Evaluation of Clinical Efficacy and Safety
The CoDIFy trial was a multi-center, double-blind, RCT that assessed the efficacy and safety of ridinilazole compared with oral vancomycin in patients with CDI. A total of 100 patients were randomized to receive either ridinilazole 200 mg twice daily (BID) or oral vancomycin 125 mg four times daily (QID) for 10 days. The majority (87%) of patients enrolled had no history of recurrent CDI with 80% of CDIs considered non-severe.

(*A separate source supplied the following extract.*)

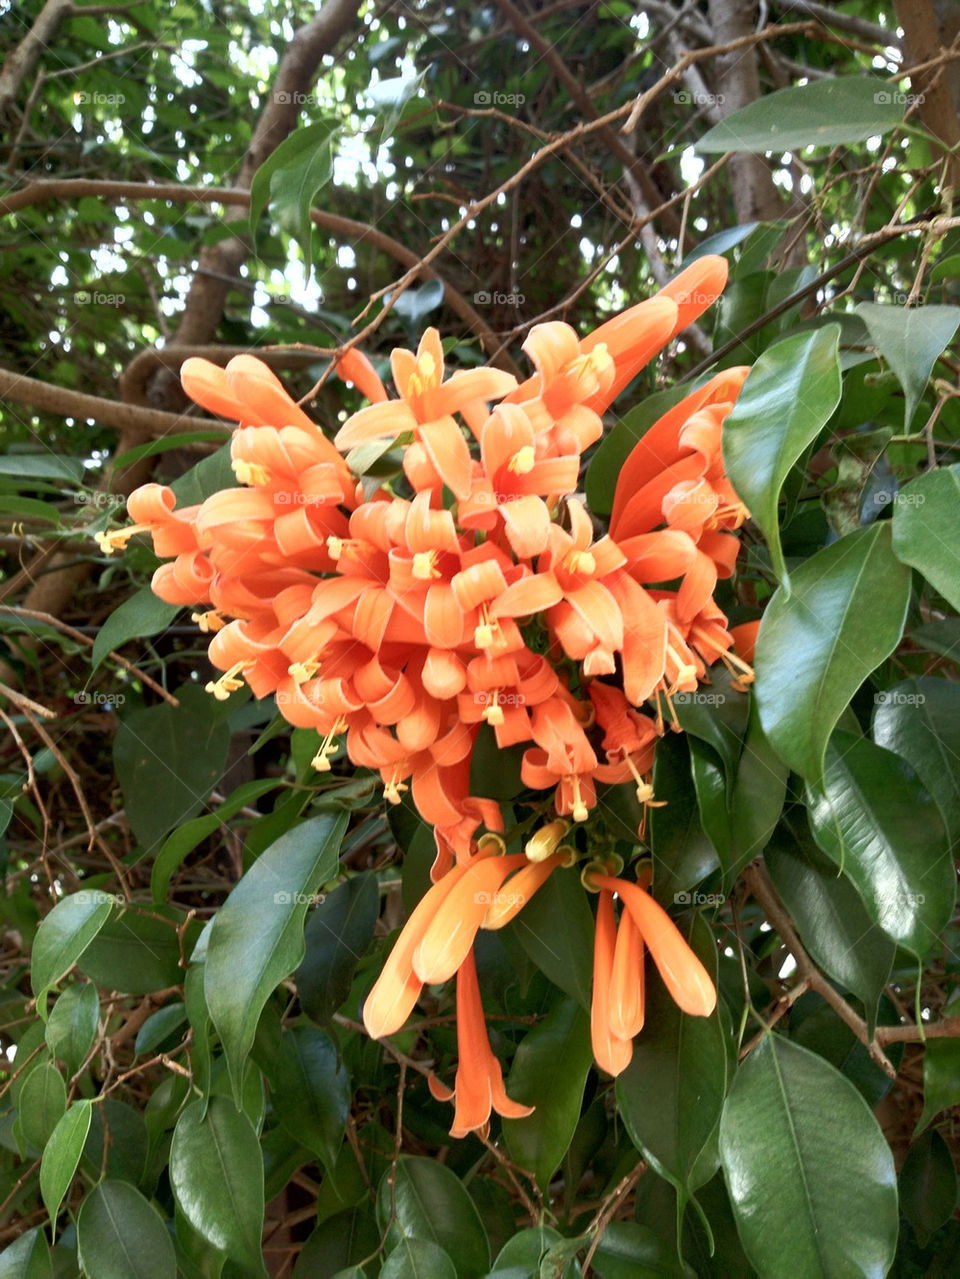 flowers of orange bunch by g5joseph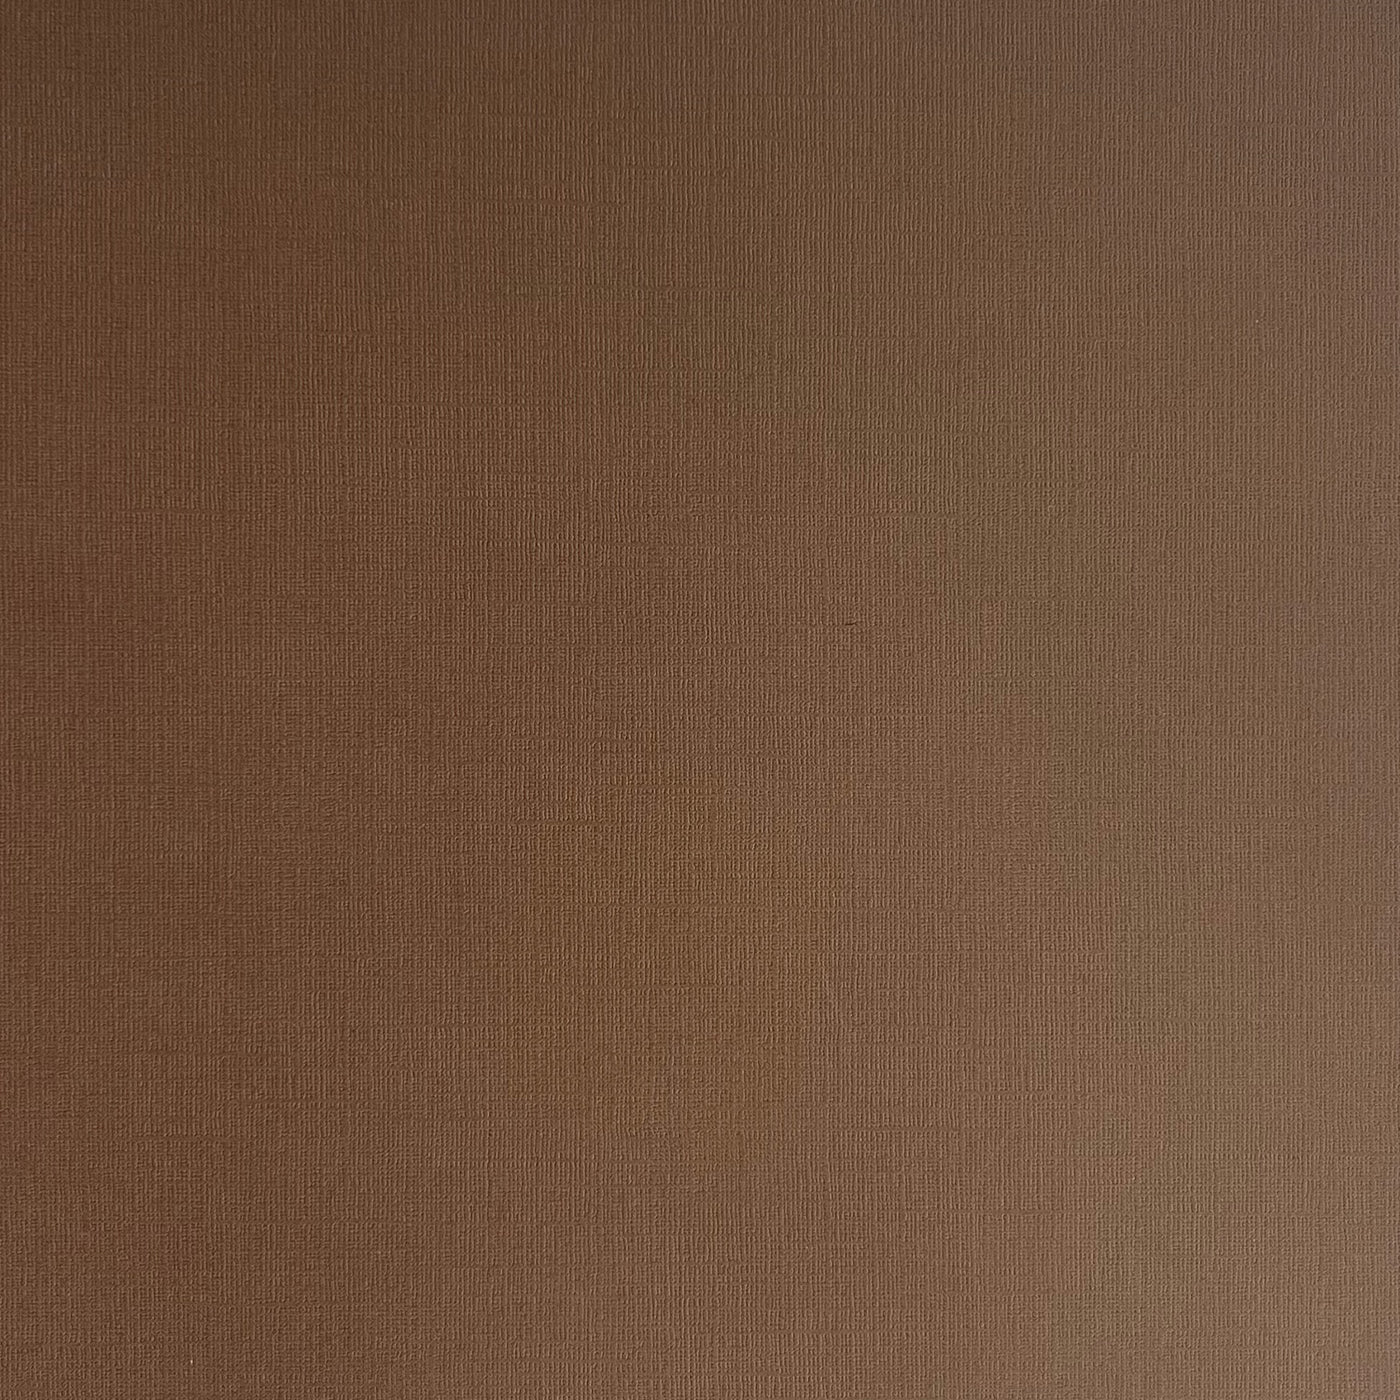 Cafe Au Lait - Textured 12x12 Cardstock - coffee brown canvas scrapbook paper

In the modified intent-to-treat population (n = 69), ridinilazole demonstrated superiority on sustained clinical response rates (absence of recurrent disease for the next 30 days) compared to vancomycin (24 [66.7] vs. 14 [42.4%]; difference 21.1%; 90% CI 3.1-39.1%; p = 0.0004). The improvement in sustained clinical response rate was driven by reduction in rate of recurrent CDI in ridinilazole treated patients (14.3%) compared to vancomycin treated patients (34.8%). The rates of clinical cure were 77.8% and 69.7% for ridinilazole and vancomycin (90% CI -9.3% - 25.8%), respectively, meeting the non-inferiority. The incidence of treatment-emergent adverse events and serious adverse effects was similar between treatments[16].
Currently, one phase II clinical trial (NCT02784002) comparing the efficacy and safety of ridinilazole versus fidaxomicin for treatment of CDI that has completed. In September 2017, Summit Therapeutics, the developer of ridinilazole, was awarded a contract from the US government’s Biomedical Advanced Research and Development Authority for continued research. The company is currently planning to initiate phase III trials in the beginning of 2018[17].
Cadazolid
Cadazolid is a novel oxazolidinone-type antibiotic currently in clinical development for the treatment of CDI. It has shown potent in vitro activity against C. difficile clinical isolates while having a minimal impact on normal gut microbiota[18]. The spectrum of cadazolid is largely limited to Gram-positive bacteria, with little to no activity against Gram-negative bacteria[19]. Cadazolid acts primarily on protein synthesis as a translation inhibitor with weak inhibition of DNA synthesis as a secondary effect[20].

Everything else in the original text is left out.